EastFruit analysts have observed a significant surge in the wholesale onion prices within Ukraine's market sphere over the past week. The small wholesale average has escalated to 18 UAH/kg, roughly translating to 45 US cents per kg. Notably, the upper echelon of pricing has soared to 22 UAH/kg or an equivalent of 56 US cents, marking a 150% price inflation within a mere fortnight.

Market chatter over the weekend hinted at potential price points scaling up to 25-30 UAH/kg, approximately 63-76 US cents per kg. This speculation suggests an impending upward revision of price benchmarks and a hastened pace in market growth as the new week unfolds.

It is imperative to contextualize this price hike against the backdrop of the previous year's metrics, where the current wholesale rates are still substantially lower – by a factor of two and a half – compared to the same period last year, aligning closely with the five-year average.

This inflationary trend in onion pricing is particularly telling, given the recent phase where producers and traders were compelled to distribute onions gratis due to an oversupply.

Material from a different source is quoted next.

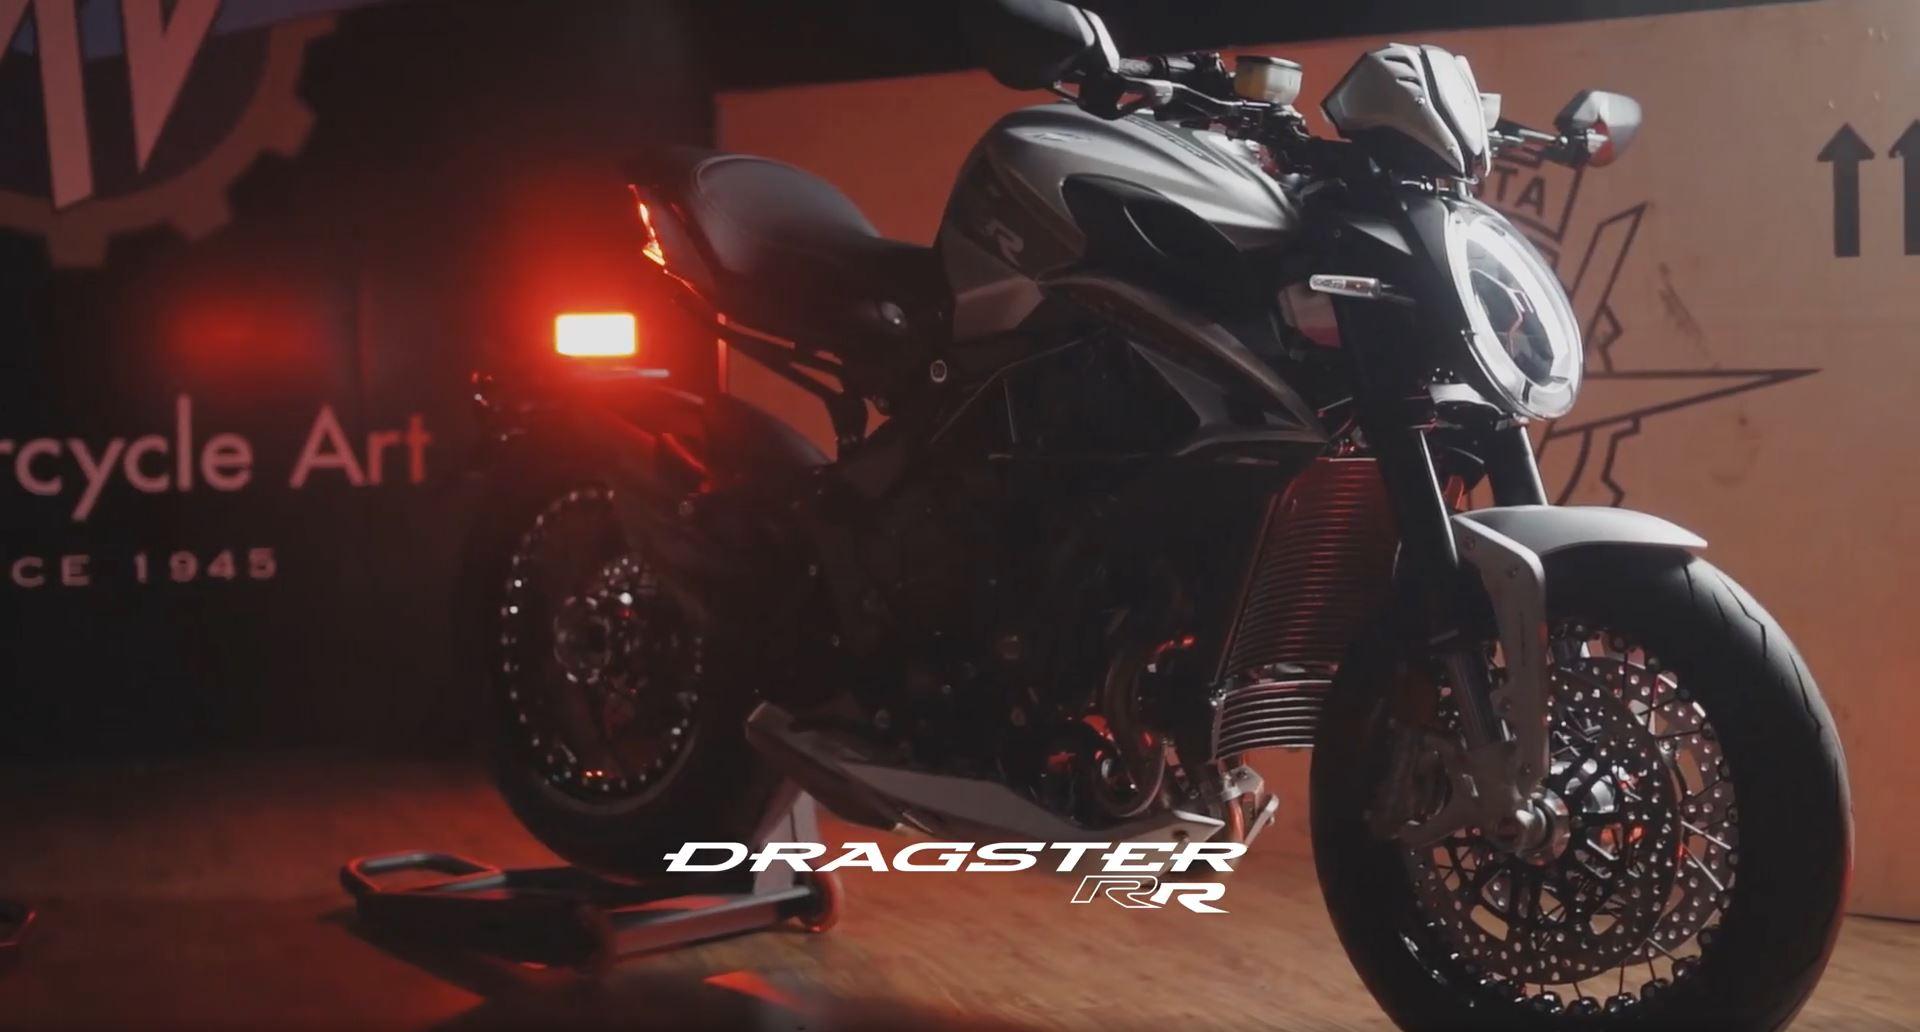 2021 MV Agusta Dragster 800 RR naked bike

The current deficit of premium onions has catalyzed a price uptick, aimed at incentivizing international suppliers to consider exporting their fresh produce to Ukraine.

Remarkably, this turnaround stems from what was once deemed an insurmountable challenge. Amidst wartime conditions, Ukrainian agriculturists have triumphantly reinstated vegetable production for the traditional borscht assortment, compensating for the devastated croplands and infrastructure in the southern territories of the Kherson region, presently under the occupation of Russian forces.

Andriy Yarmak, an economist with the Investment Department of the Food and Agriculture Organization (FAO) of the United Nations, notes, "While the onion harvest is reaching its zenith in numerous countries, Ukraine anticipates a month-long wait before the market welcomes new consignments. Additionally, the recent frost spells may have inflicted damage on the early onion yields, potentially bolstering market prices."

For the first time this season, onion prices in Ukraine have outstripped those in neighboring Poland and have consistently exceeded Moldova's pricing for a fortnight—a notable shift given Ukraine's exportation to Moldova just weeks prior. Despite this, the price variance among these nations remains marginal, precluding the prospect of reciprocal trade.

Conversely, the prospect of onion imports from Central Asia to Ukraine is gaining traction. Uzbekistan's market is currently offering new harvest onions at 15-16 cents in small wholesale, with even more competitive rates available directly from growers. This presents an opportune moment for stakeholders to initiate negotiations for product shipments to bridge the gap until Ukraine's new crop is ready for harvest.